We made a family trek to the local hardware store for a few random items, a chance to get out of the house, and the free popcorn offered on weekends (it is pretty damned good!). While John wandered around the hardware aisle, the girls and I found a display bench swing and parked ourselves for a spell. We munched our popcorn and people watched. An older gentleman meandered by with an armful of plumbing products and the obligatory bag of popcorn. "Mommy, that man has a long braid!" This was true, it was a dark blond with silver streaks cascading down his ripped "Choppers" T-Shirt. I had to add, "Yes, honey, he does have very pretty hair" as I watched him disappear behind the porcelain toilet display. "Yep," she agreed, "but Daddy doesn't have any hair does he." Well, she got me there.
My Angry Phase has come to an end. And no, this doesn't mean that my husband is healed, or helping with the kids. I'm just tired of the negative energy. So, I headed out today for some retail therapy and an attempt to accomplish little else. But, of course, the mommy in me rolled in one minor errand, the simple task of returning a defunct video camera to Best Buy. Easy enough. I loaded the kids up to drop Shelby off at preschool before heading out for a day of shopping. I arrived at Best Buy, landed the perfect parking spot, and unloaded the baby. When I reached for the camera, Oh Shit. The camera. I remembered the lunch box, Shelby's share book, the baby diapers, breast pads, pacifier, car seat. I FORGOT THE F*&#$ing CAMERA!
John arrived home with the superflu that everyone we know has had, has, or will have. I am determined not to contract this horrendous achy bug and am working myself to the bone to hygienically scour, bleach and scrub every crevice of my home while hubby rots away in our bed. YUK! I never thought I'd be so disappointed to see my man after being apart for 7 days. I actually told him, the day after he arrived, "You should have just stayed there another week until you were better. Why'd you have to bring it home to us?" Harsh. I know. This is my excuse for being such a sporadic and heady blogger. I'm hoping to be on my A Game again soon. I am also considering a new web page and will be sure to promote as necessary when the time comes. Be gone with you Superflu.

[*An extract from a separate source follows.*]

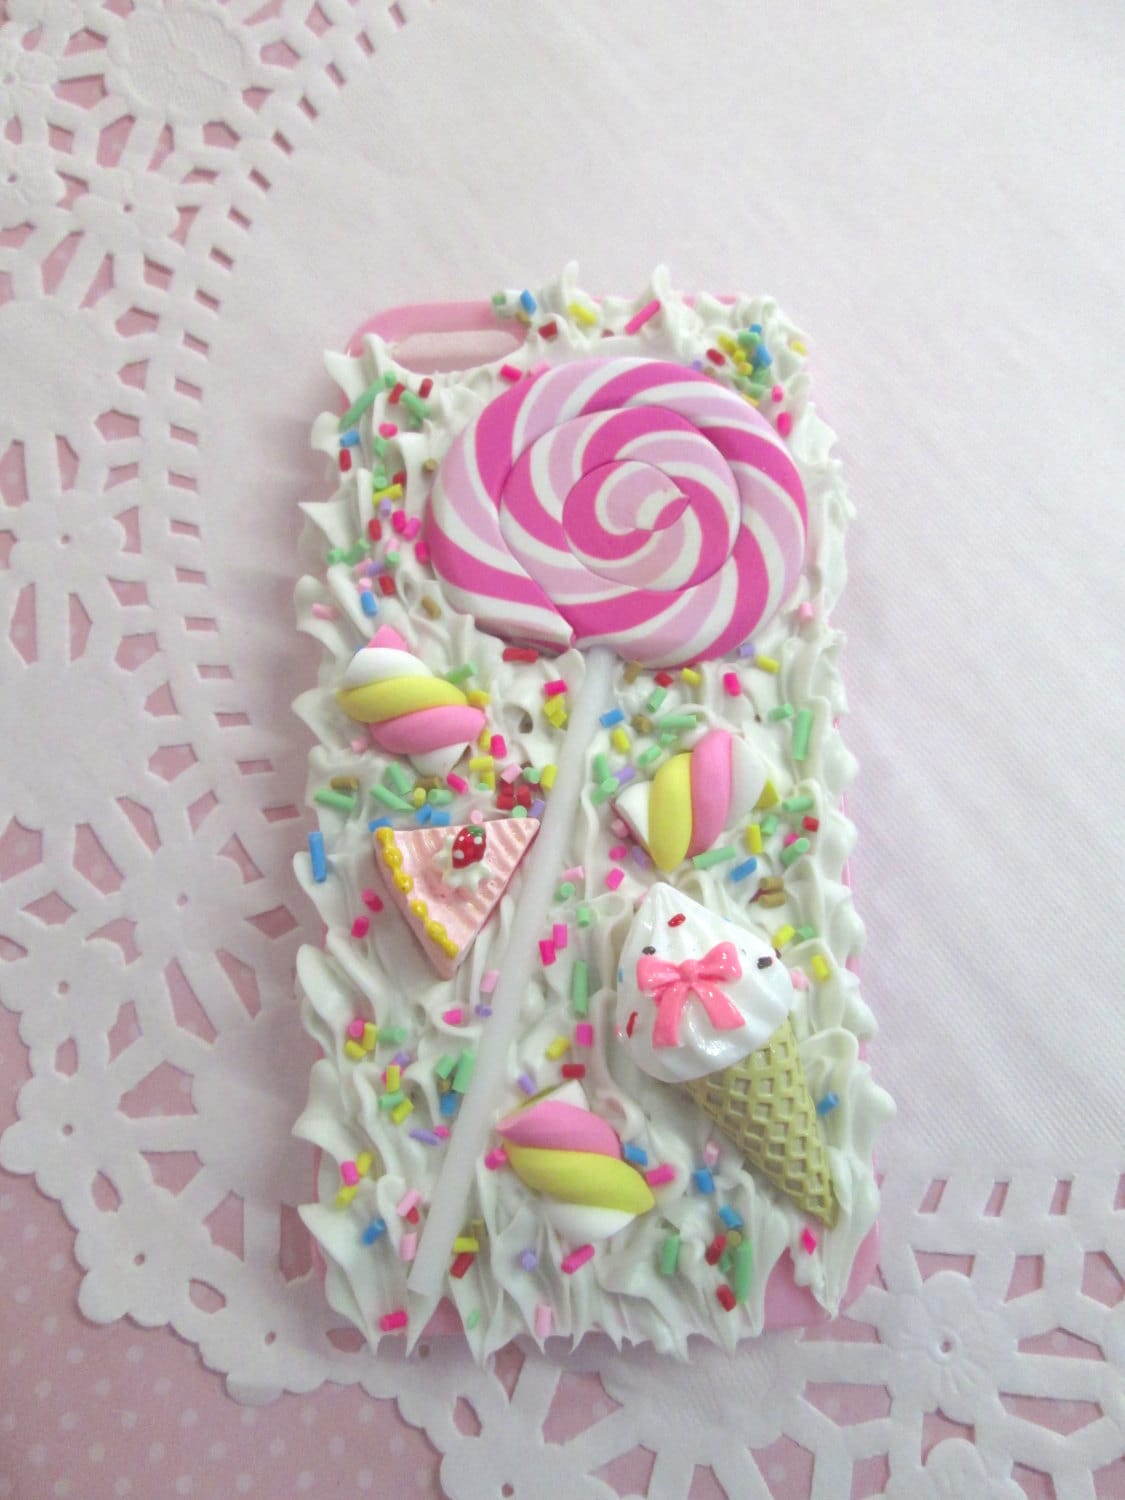 Chocolate decoden cream, 100ml tube, with 5 icing tips

I'm sure every one's given up on me by now. It's been one week of husband less survival in mommy world for me. I managed to be super mom during the week (this meant no computer, no newspaper, no evening movies, no personal time whatsoever) and traditional homemaker after hours. Every night for 7 days, while my darling husband sipped Pina Coladas and surfed all day on some remote island in the South Pacific, I diligently planned and participated in every activity known to toddler with the intent of wearing Shelby out before putting both kids down for bed and going to work drywalling my unfinished bedroom with the end result being freshly painted walls before his return. I am a closet decorator with a flair for surprises. I spring to action in his absence only. John leaves to work, I clean the house. John stays home I write, read, or lay around with the kids. John leaves, I bake and do laundry. John stays home, I drink beer and do crosswords. John leaves, I completely makeover our bedroom complete with drywall work, texturing, painting the entire room, hanging a chandelier and moving furniture. Phew. And I accomplished all of these tasks between the hours of 8 pm and midnight (or later) each night. Apparently, John casts some sort of spell over my productive spirit when he's around. Thankfully, he arrived home last night and actually noticed all the work I'd done. And sincerely looked grateful for my efforts, and then complemented me on all my work again. Then, of course, philosophically widdled down the proof to my theories: if he left more often, I'd get a lot more done around the house. Oops. It backfired. Well, regardless, I've been staring at exposed drywall in my bedroom for over a year since we replaced a small window with a large glass door. That room was due for an overhaul. My design inspiration: sexy up the room like some dark swanky boudoir straight out of the pages of West Elm. For about $350 I completed my task: Manor Grey colored Paint (a dark gray with brown undertones), Capezo Shell Chandelier, Silver bedside lamp, Champagne shag rud and a few decorating accents. I'll attach some pictures as soon as John and Shelby wake up from their mid morning slumber. Well, better run, duty calls.